Communicating information in a communications network may be done in several ways. For example, a node in the network may transmit a message directly to an intended target node, or may transmit the message to one or more intermediate nodes with instructions to re-transmit the message until received by the target node. Another method of network communications is for a transmitting node to transmit a message so that all nodes in the network receive the message. Such a message would include information indicating that any receiving node re-transmit the message upon first receipt. However, unregulated retransmission of the message may result in nodes needlessly receiving the message multiple times, and some sort of algorithm or strategy is therefore needed to further reduce redundant message transmissions.
One strategy, known as Geoflood, uses location information to reduce the number of transmissions of a message where it is clear further transmissions of the message would only reach areas of the network already covered by previous transmissions of the message. Each message contains a location field that contains the geographic location of the node that has most recently transmitted the message. When a message is received by a node, the node computes how long it will hold the message before retransmitting it. FIG. 14 depicts a portion of a communications network 140 in which a receiving node R has a transmission radius 142. Transmission radius 142 defines a coverage area 144 of the receiving node. The coverage area is divided into four quadrants, namely the northeast quadrant NE, the northwest quadrant NW, the southeast quadrant SE, and the southwest quadrant SW. After receiving node R has established a holding time for the received message, the receiving node determines whether the same message has been received from neighboring nodes 146, 148, 150, 152 in each quadrant (NE, NW, SE, SW) of its coverage area before the holding time expires. According to the Geoflood algorithm, it is assumed that all or virtually all of coverage area 144 has received the message if the receiving node receives transmissions from neighboring nodes in each quadrant of the coverage area, and it is therefore not necessary for receiving node R to re-transmit the message.
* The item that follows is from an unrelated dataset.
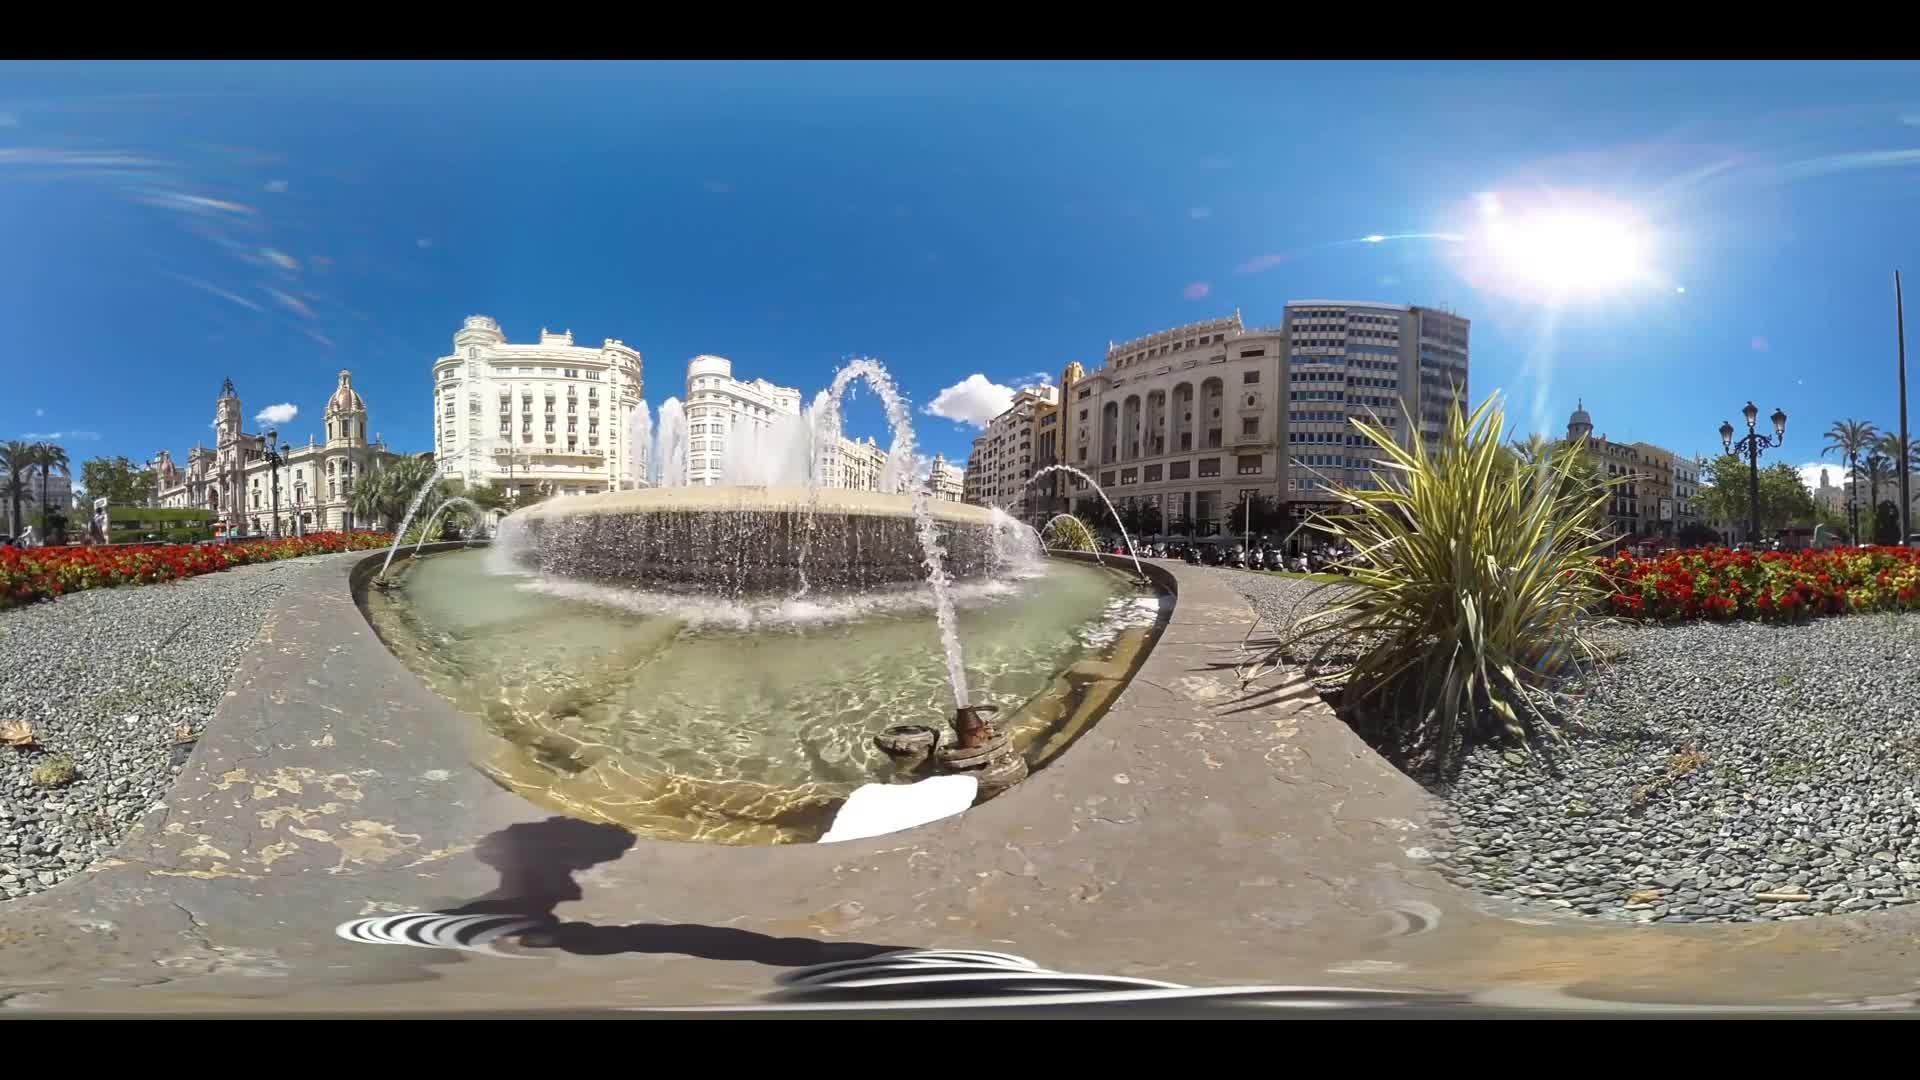 Virtual Reality 360 view from a fountain at Plaça de l'Ajuntament in Valencia in Spain

The quadrant-based Geoflood algorithm just described was presumably chosen for its conceptual simplicity. However, accounting for the actual coverage area is a considerable bookkeeping challenge because each node must maintain four quadrant entries for each message during each holding time. Another disadvantage of the current Geoflood algorithm is shown in FIG. 15, in which the receiving node R receives transmissions from the four neighboring nodes 146, 148, 150, 152 in the respective quadrants NE, NW, SE, SW of coverage area 144 of the receiving node. According to the Geoflood algorithm, receiving node R does not re-transmit a received message, but there are portions 154, 156 of the coverage area that have not received the message from one of the neighboring nodes. Suppressing re-transmission of the message by receiving node R may result in nodes within portions 154, 156 not receiving the message. Thus, the Geoflood algorithm does not guarantee all of coverage area will receive a transmitted message.
Still another disadvantage of the Geoflood algorithm is that it requires redundant re-transmission of a message. At least four transmissions are required (one in each quadrant of a receiving node's coverage area) before re-transmission of the message is suppressed. As shown in FIG. 16 it is theoretically possible to fully account for all of a coverage area 144 of a receiving node R using the transmissions of three neighboring nodes 158, 160, 162 instead of four. However, because there is no transmission originating from a node in the southwest quadrant SW, the receiving node R will re-transmit a message when the coverage area 96 is already covered by the transmissions of the neighboring nodes 158, 160, 162. The quadrant-based Geoflood algorithm as currently instantiated is ill-suited to reduce these types of redundant transmissions.
It is therefore an object of the invention to provide a method of suppressing re-transmission of a message by a receiving node when neighboring nodes have already transmitted the message throughout the coverage area of the receiving node.
It is another object of the invention to provide a method of suppressing re-transmission of a message using an optimal number of transmissions from neighboring nodes.
It is still another object of the invention to provide a method of suppressing re-transmission of a message that ensures all parts of the coverage area of a receiving node can receive the message prior to suppression.
A feature of the invention is suppressing re-transmission of a message when the perimeter of the coverage area of a receiving node is completely overlapped, intersected, or covered by the coverage areas of other nodes that have transmitted the message to the receiving node.
An advantage of the invention is that before a node suppresses re-transmission of a message, all portions of the node's coverage area can receive the message from other nodes.
Another advantage is that the number of transmissions from neighboring nodes is optimized.